Спели? Спели. Кроме правды все ничего.
6
Марк Левин был первый русский поэт нашего времени. Он был Лермонтов, Марк Левин, — сосланный, выдавленный из жизни. «Собаке — собачья смерть» — повторено было и по его адресу, а он не умирал, — улыбался и писал, сотнями строк, легко и по-ночному, будто бы великим переводом с европейского, — а сам Марк в стороне: разве ж он виноват, что там почти в рифму не пишут и размера не соблюдают. Все было против Марка: вплоть до самой статистики российской, что, невзирая на массовый убой, лишь на день, на час, на минуту позволила Марку Левину стать первым… Нет, не стану об этом — сам на той же статистике въезжаю в русскую литературу нашего, извините за выражение, времени.

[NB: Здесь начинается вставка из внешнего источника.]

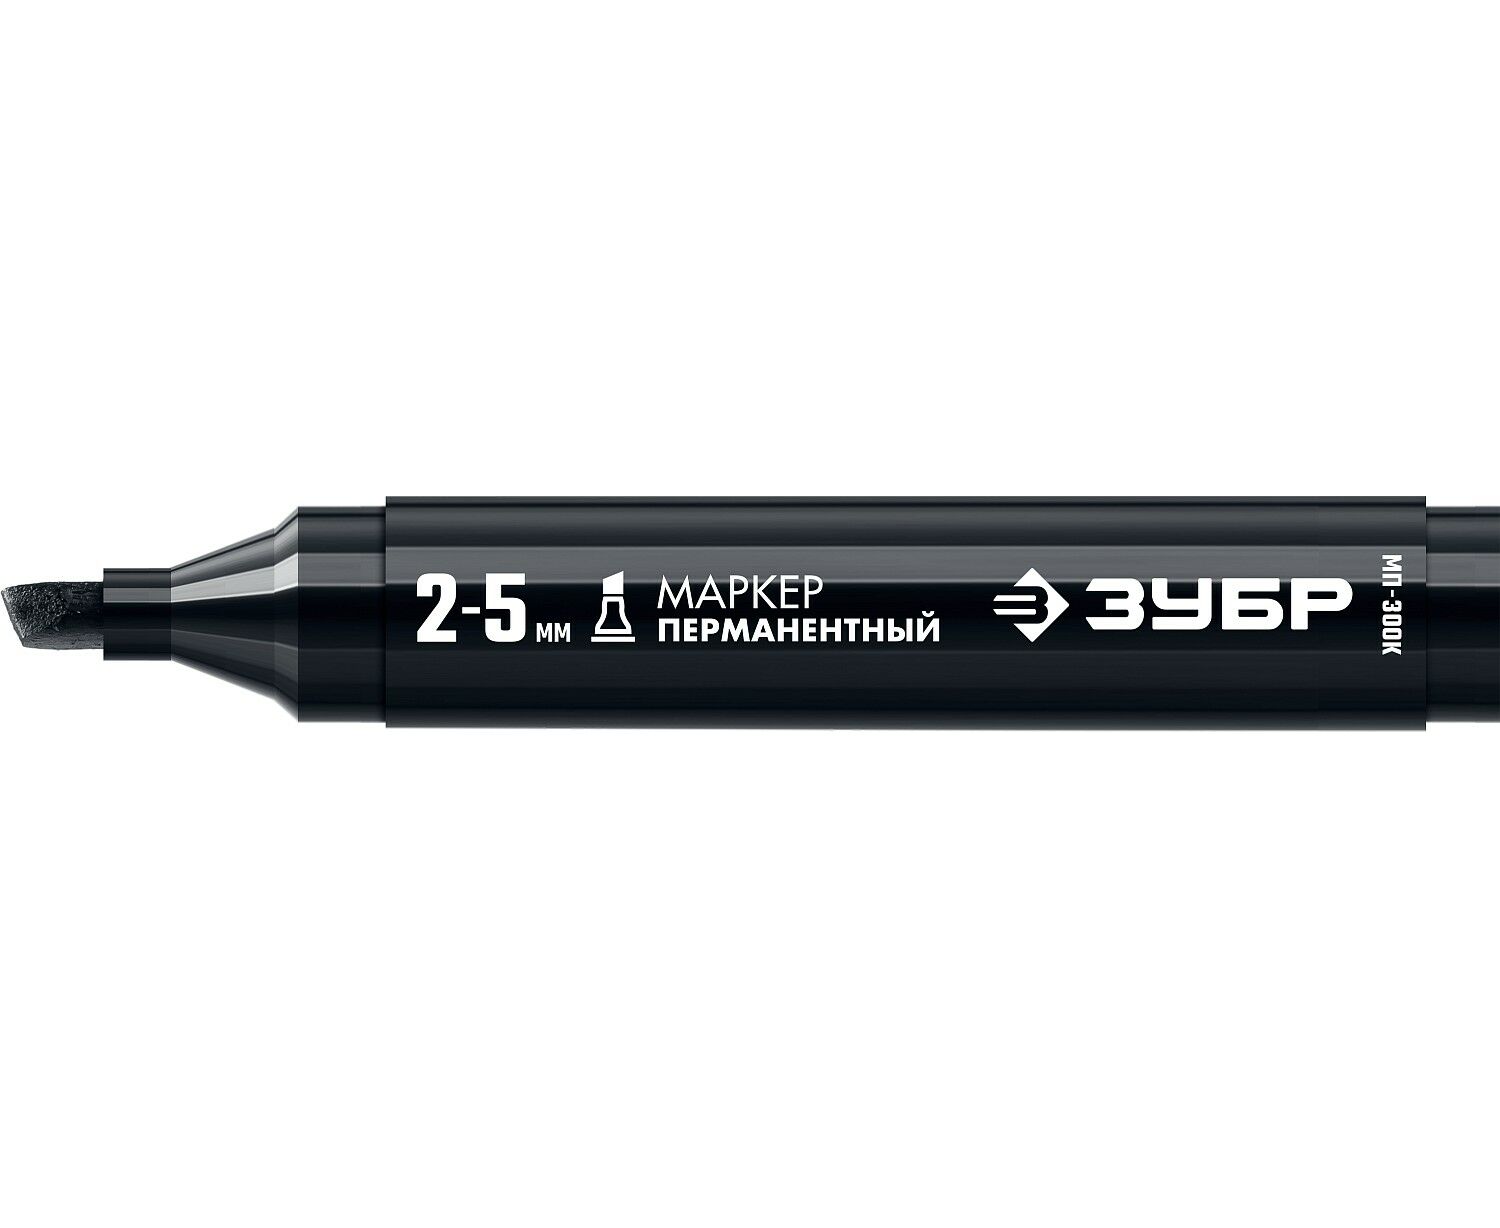 Маркер строительный ЗУБР МП-300К черный, 2-5 мм, клиновидный, перманентный строительный маркер перманентный многоразового использования зёленый pica visor 990 36
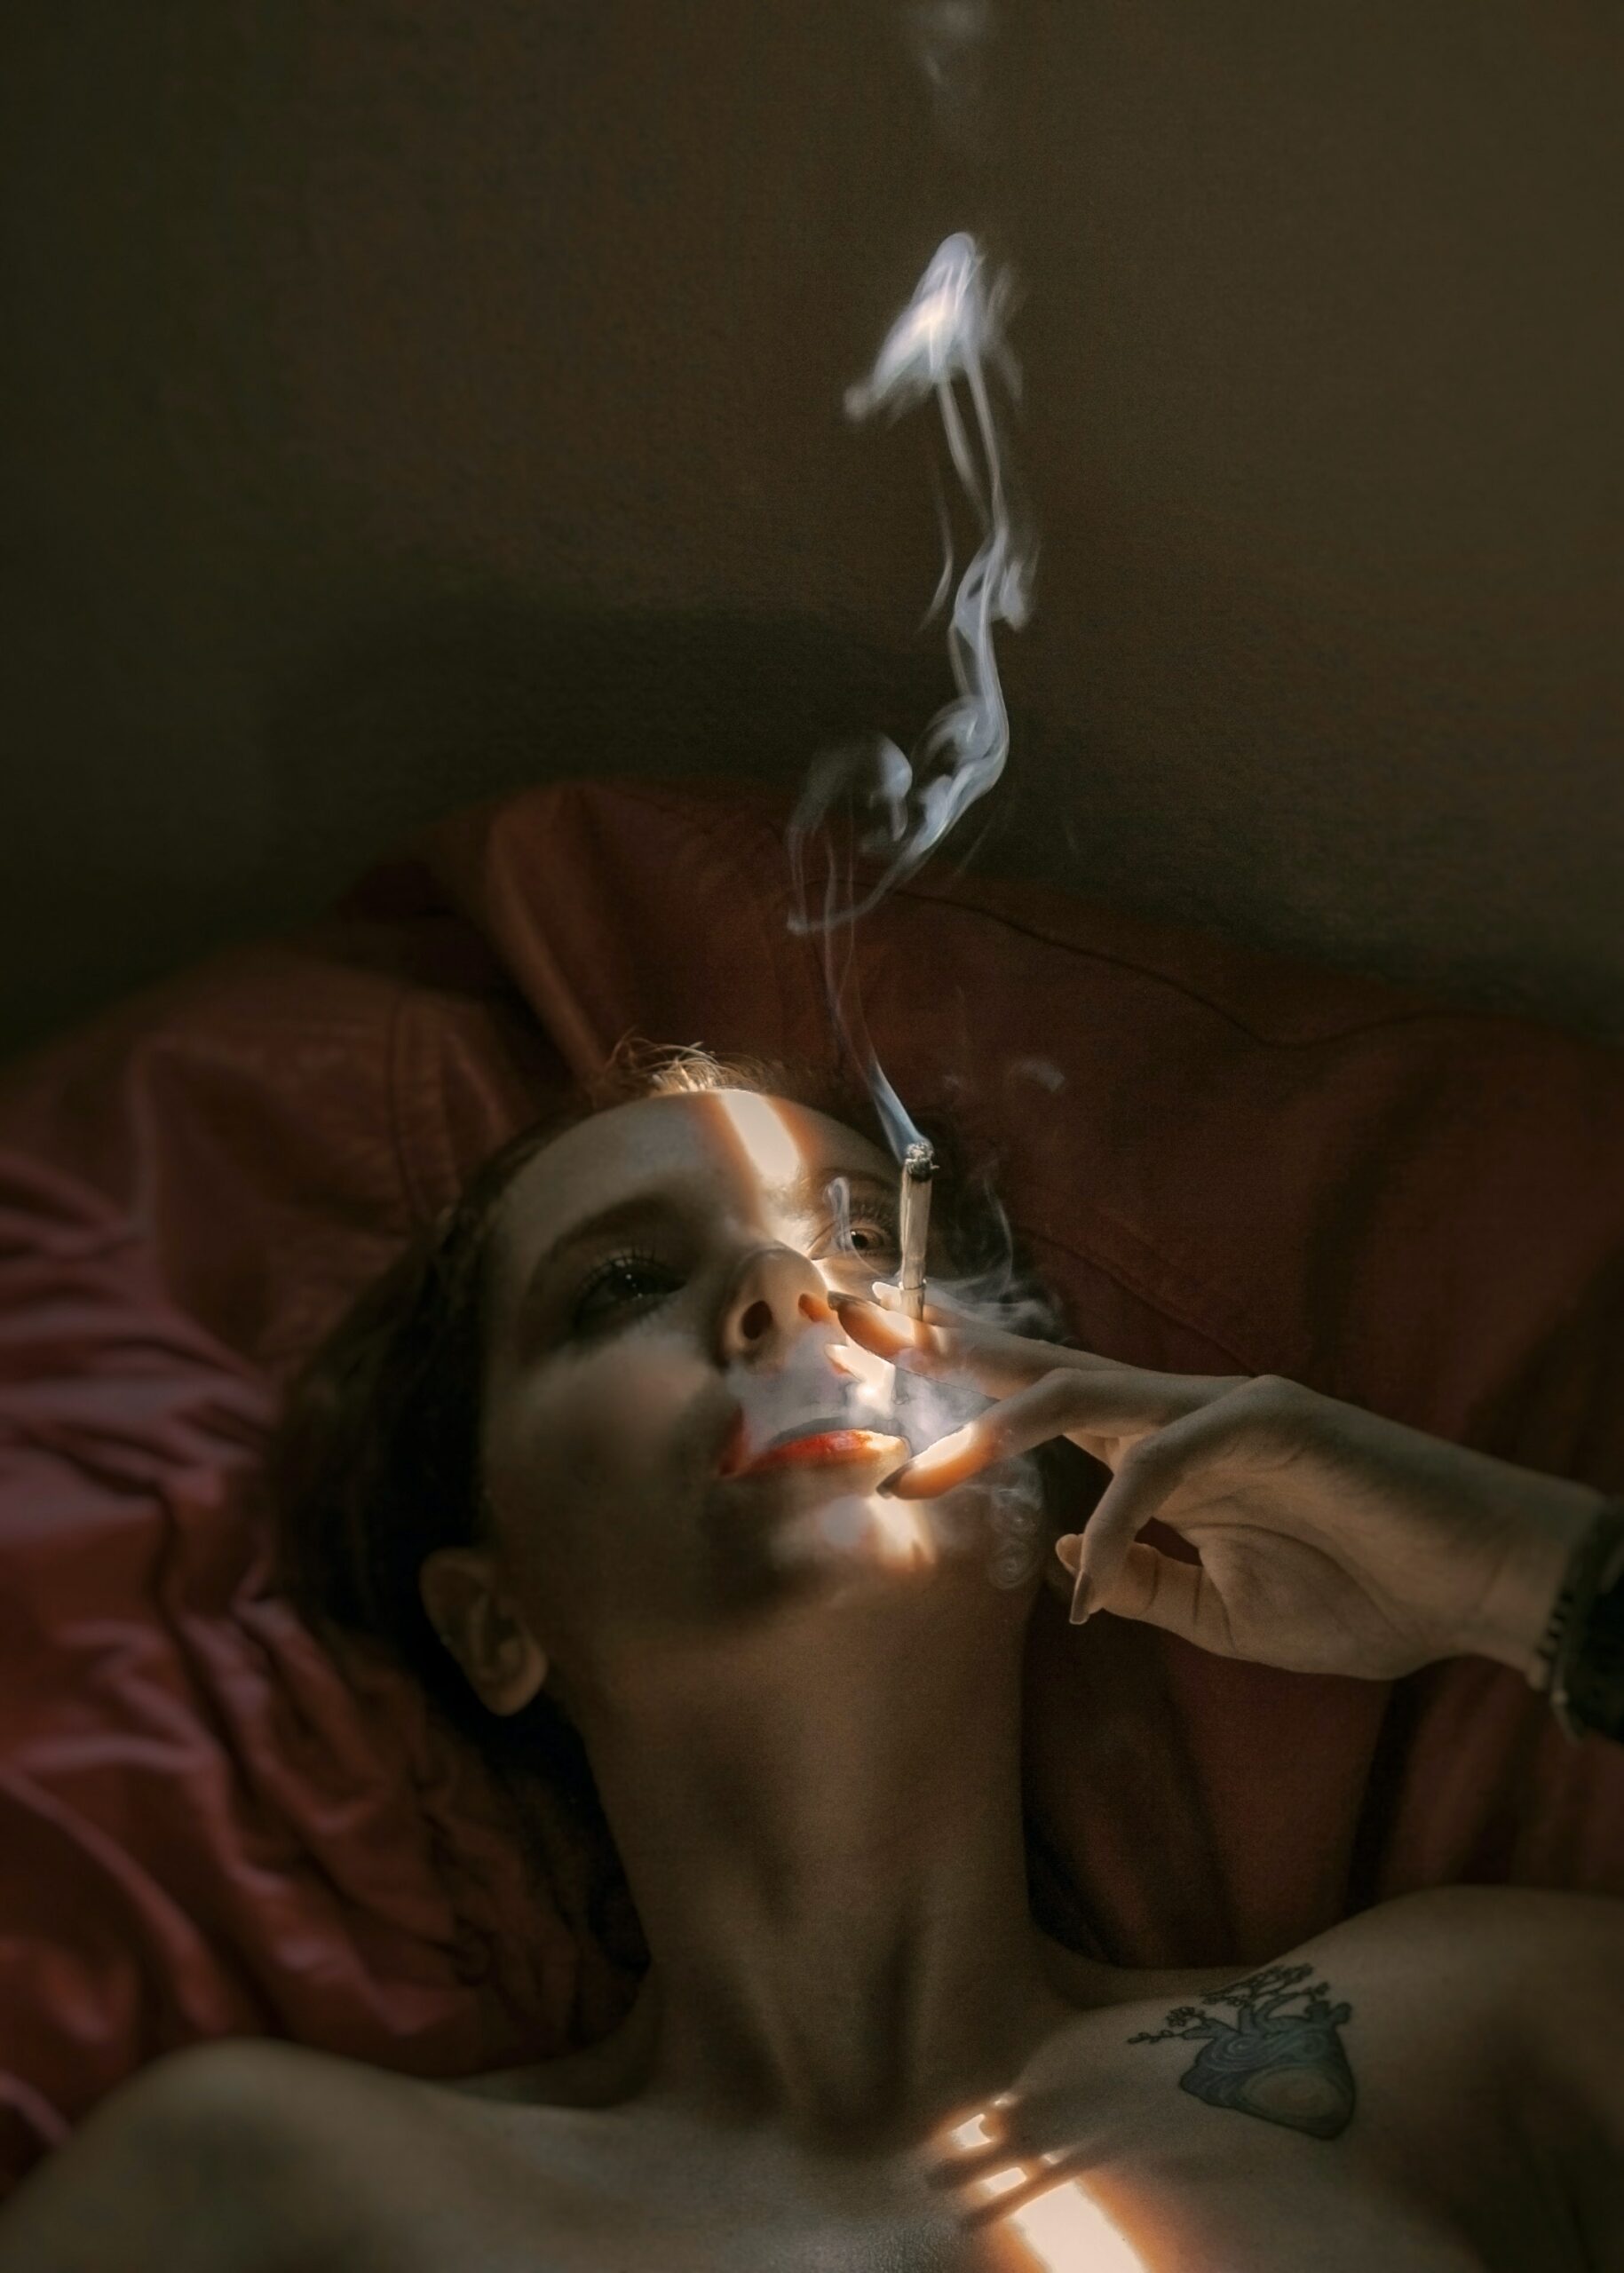 Femme fume dans son lit illustre Addiction et fonctionnements limitesiction et fonctionnements limites

Он, Марк, только разок приехал из своего города в Анечкин город — навестить двух-трех друзей. И то было Анечкино вознесение. Вознесение то было Анечкино: сидел перед нею не Валя Хеминхуей, держа в зубах сборник «Гетто родных причалов», а два-три друга Марка Лермонтова — подписатели письма в ООН Центрального Комитета при Совете Министров, фрейдисты-неомарксисты — у вдовы несправедливо утопленного в параше. Пили растворимый кофе с коньяком (наконец-то коньяк!) — и Марк читал:
Был полон окоем ледяными конями…
И заводили в конюшне лубянской рысака для вибрации стекол, и труженики Череповецкого металлургического комбината сдавали народному контролю сверхплановые кабели — один потолще, два потоньше. Они, передовики, сдавали, но Анечка уже рассекречивала свое лучшее:
Осенняя капель, вели уйти в деревья, в российские деревни, в сквозную акварель.
Ночевал Марк Левин с Анечкой на квартире своего друга Плотникова, который Плотников ночевал у вдовы парашноутопленного, которая вдова Анечку на этот поэтический икс-о-клок пригласила и Марку сосводничала, — потому что видела в Анечке пародийное самое себя, а в Марке — мужа своего… И ничего больше не могла она сделать ни для себя, ни для мужа.
Тайный агент протелефонил контролеру своих действий: «Объект у тети, санкционируйте смену местопребывания», отключили в целях экономии электроэнергии все кабели, машину вибрационную усыпили — только осень била в стекла. И учила Анечка Лермонтова всему, чему довелось ей научиться на Абраме Ошеровиче Добролюбове по прозванию Чаговец.
Пора, пора закруглять круг — дабы начать новый.